The mechanistic landscape of T. flammea converges established antioxidant pathways with unique alkaloid-driven features. While flavonoids and phenolic acids—such as kaempferol-O-rutinoside and chlorogenic acid—stabilize the ECM via PI3K–AKT and MAPK signaling [47,48,49], T. flammea is distinguished by its substantial content of the pyrrolizidine alkaloid Thesinine [50]. Unlike classical radical-scavenging flavonoids, docking simulations suggest Thesinine acts as a dual modulator of redox-sensitive kinases, stabilizing the AKT1 ATP-binding cleft and anchoring to MAPK3 residues. This complementarity between flavonoid antioxidants and alkaloid kinase modulators distinguishes T. flammea from polyphenol-dominant botanicals like Paeonia lactiflora or Hibiscus mutabilis [51,52]. Chemically, this simultaneous accumulation of alkaloids and phenolics represents a distinctive biosynthetic adaptation within the Asteraceae family, broadening the extract’s pharmacophore coverage beyond simple antioxidant effects. Consequently, the extract coordinates the regulation of AKT–NF-κB and MAPK axes, providing a computationally validated and biologically safe model for targeting the oxidative and inflammatory drivers of skin aging.

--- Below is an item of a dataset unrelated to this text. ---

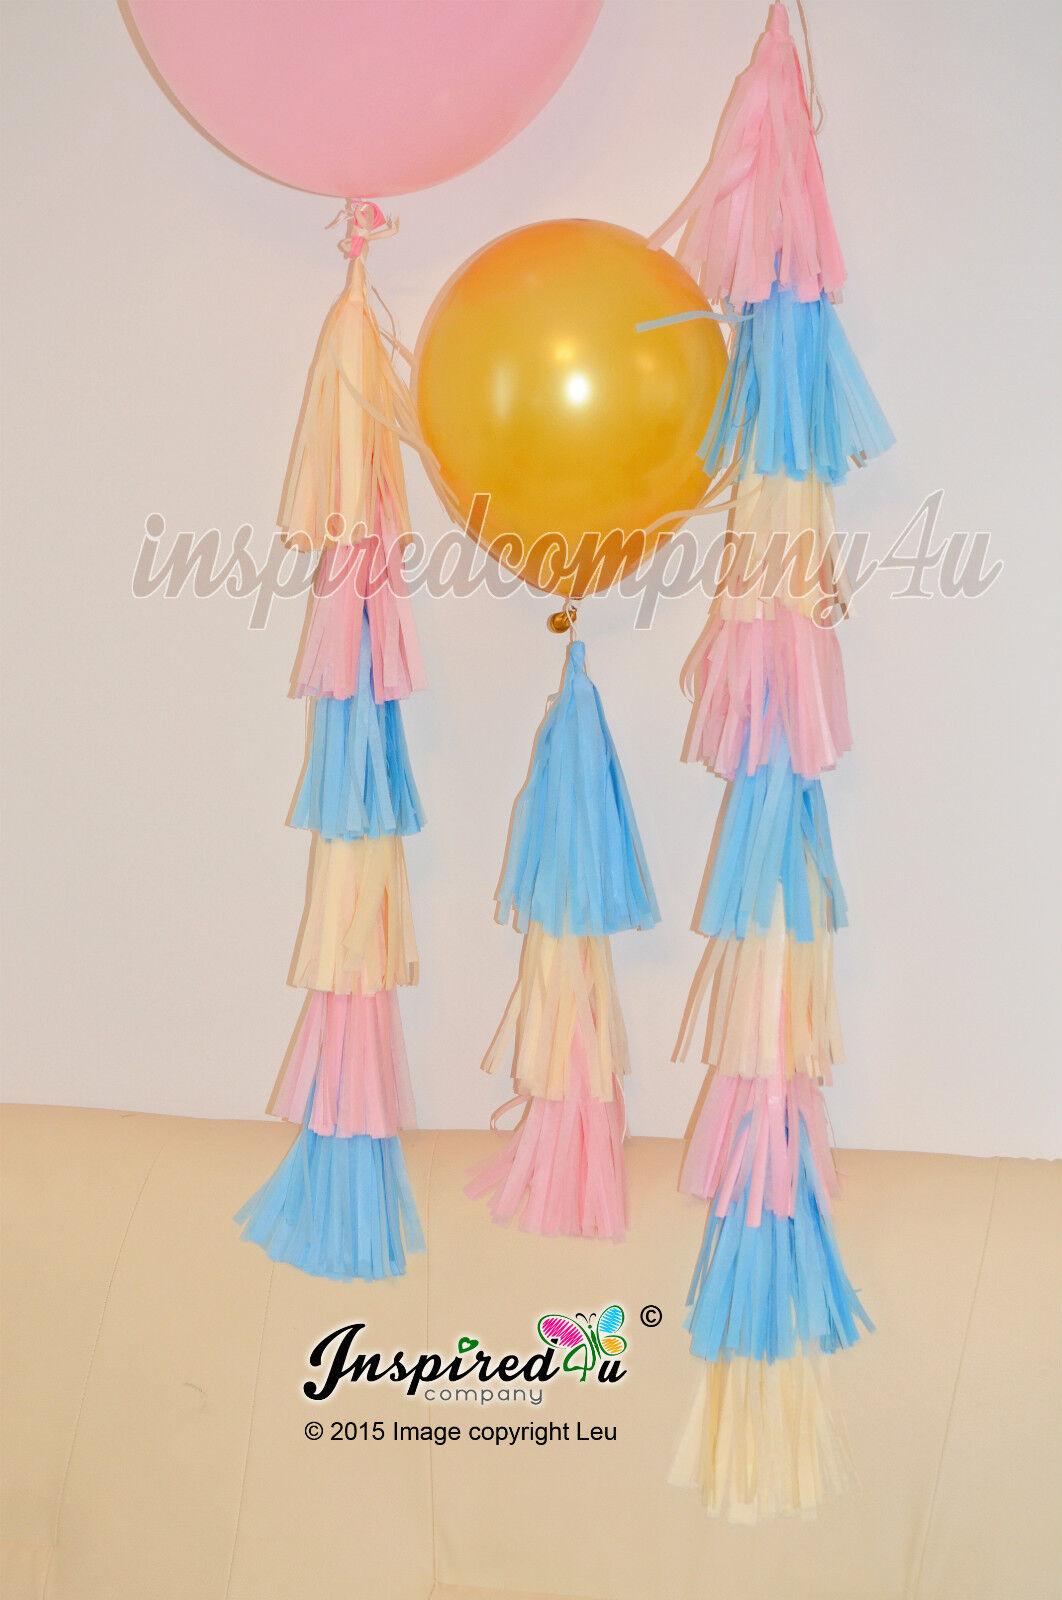 Trio 3 x rose ballon main tassel guirlande baby shower anniversaire fête de mariage 36

The absence of cytotoxicity further underscores its biocompatibility and suitability for dermal applications. These findings demonstrate that the integrative pipeline used here not only accelerates the identification of bioactive plant species but also provides mechanistic clarity linking chemical identity to functional outcome. In this context, T. flammea represents both a pharmacologically relevant and computationally validated model for developing multifunctional natural agents targeting oxidative and inflammatory aspects of skin aging.

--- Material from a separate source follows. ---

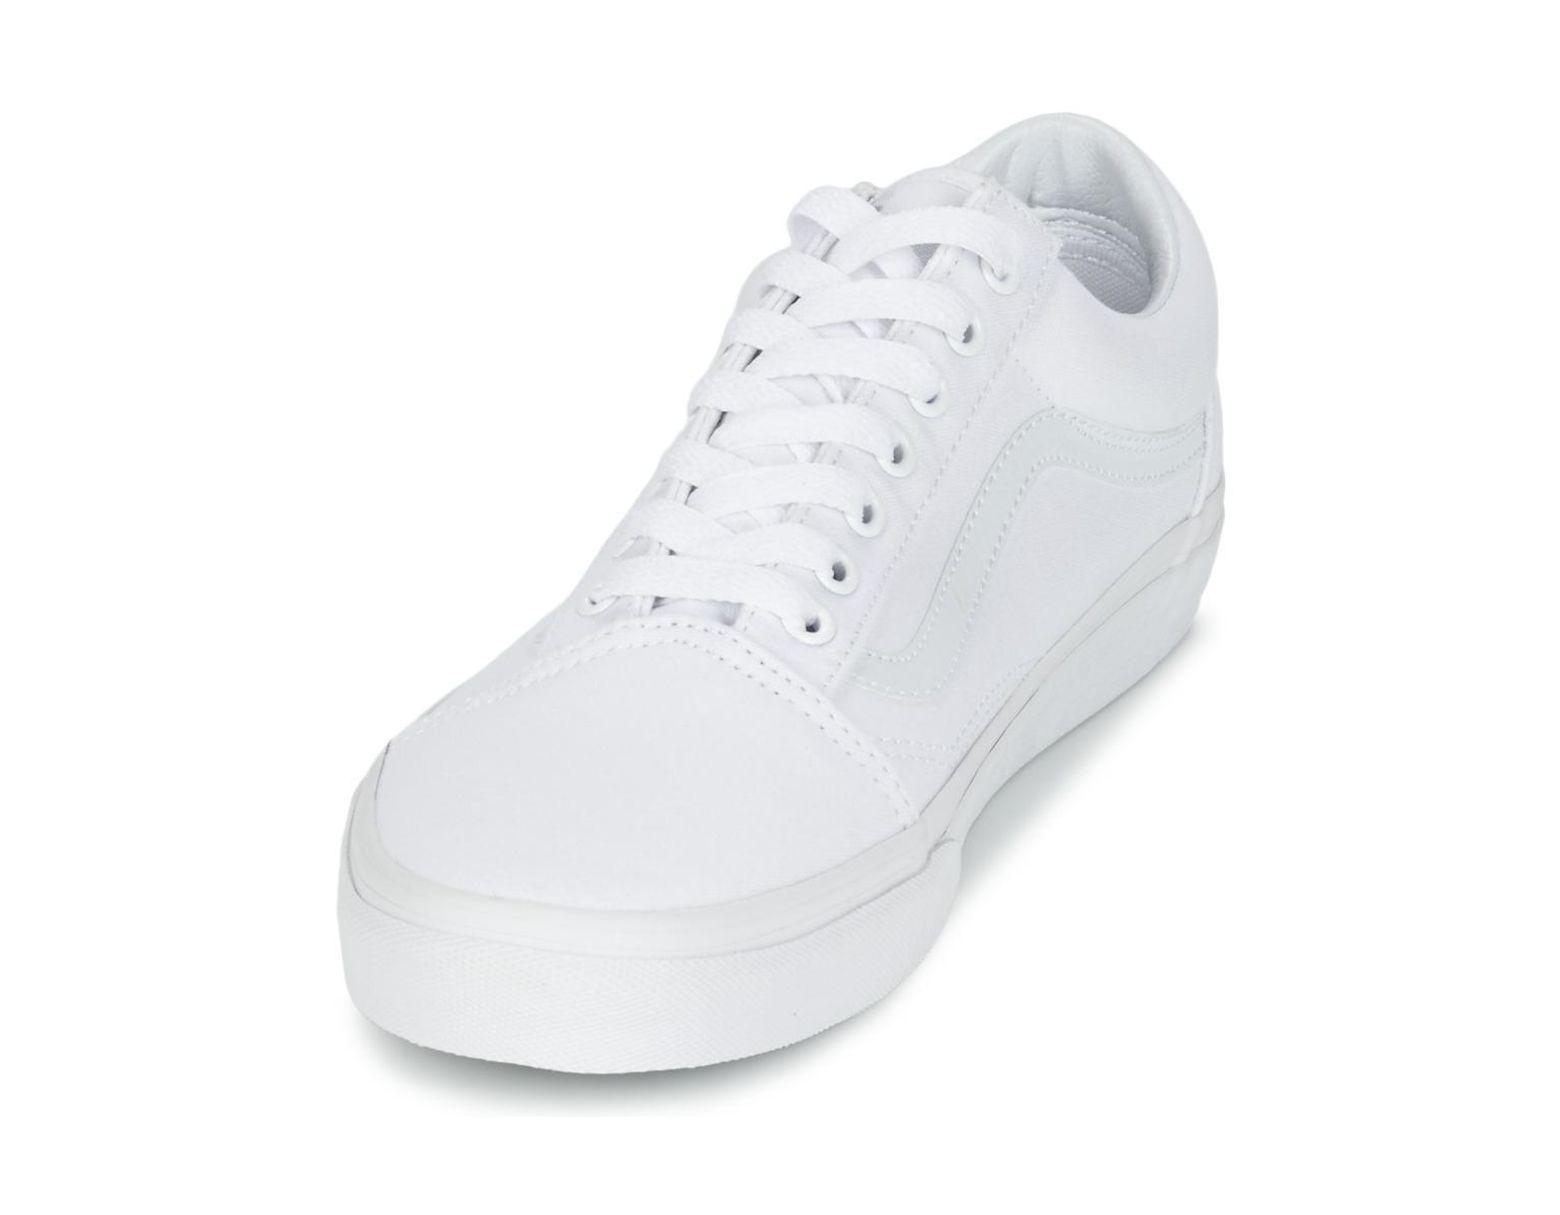 Skool Old Chaussures Femmes Blanc En pzVUqSM

First and foremost is the toxicological concern regarding pyrrolizidine alkaloids (PAs), a major metabolite class identified in the T. flammea extract [53]. It is crucial, however, to differentiate between PA subclasses based on their chemical structure. The well-documented hepatotoxicity and genotoxicity of PAs are primarily associated with 1,2-dehydropyrrolizidine (unsaturated) esters—such as rivularine (7-angeloylheliotridine, also detected in our extract) or senecionine—which are metabolically activated by hepatic CYP450 enzymes into reactive pyrrolic esters [53,54,55,56]. In sharp contrast, Thesinine, one of the most abundant metabolites in our profile, is a saturated PA (an otonecine-type ester). Saturated PAs lack the 1,2-double bond necessary for this toxic metabolic activation pathway and are therefore generally regarded as non-toxic or possessing significantly lower toxicity [57,58]. Furthermore, T. flammea conjugates like thesinine-4′-O-glucoside are similarly considered safe [59]. Ethnobotanically, the young leaves of T. flammea have been traditionally consumed as a seasonal vegetable (“Namul”) in Korea, suggesting a history of human tolerance to its oral ingestion. Consistent with this, the T. flammea extract, whose profile is dominated by saturated PAs, did not induce significant cytotoxicity or apoptosis in our in vitro models. While this does not preclude systemic toxicity, it suggests the extract itself is not overtly cytotoxic to dermal cells. Nonetheless, the presence of any unsaturated PA (e.g., Rivularine) poses a significant regulatory and safety hurdle. Therefore, future development strategies must involve optimized extraction or chromatographic purification to selectively eliminate toxic unsaturated PAs while retaining bioactive, non-toxic constituents.
In the technical perspective, our quantitative UHPLC–MS/MS dataset and computational analyses already provide robust chemical and mechanistic coverage; thus, the current limitations do not arise from the in silico domain but rather from the experimental resolution at the compound level. The biological validation in this work was performed primarily using the crude extract, which accurately reflects the native biochemical synergy but limits mechanistic interpretation for individual constituents. Because our workflow follows a “from-selection-to-validation” sequence, detailed characterization of isolated metabolites—such as determining dose–response behavior, molecular specificity, and potential synergism—will be an essential next phase to obtain in-depth mechanistic insight. Another limitation lies in the absence of in vivo evaluation. While the in vitro assays confirmed antioxidant, anti-inflammatory, and anti-photoaging efficacy without cytotoxicity, further studies are needed to examine safety, potential toxicity, and physiological specificity in animal or reconstructed human skin models.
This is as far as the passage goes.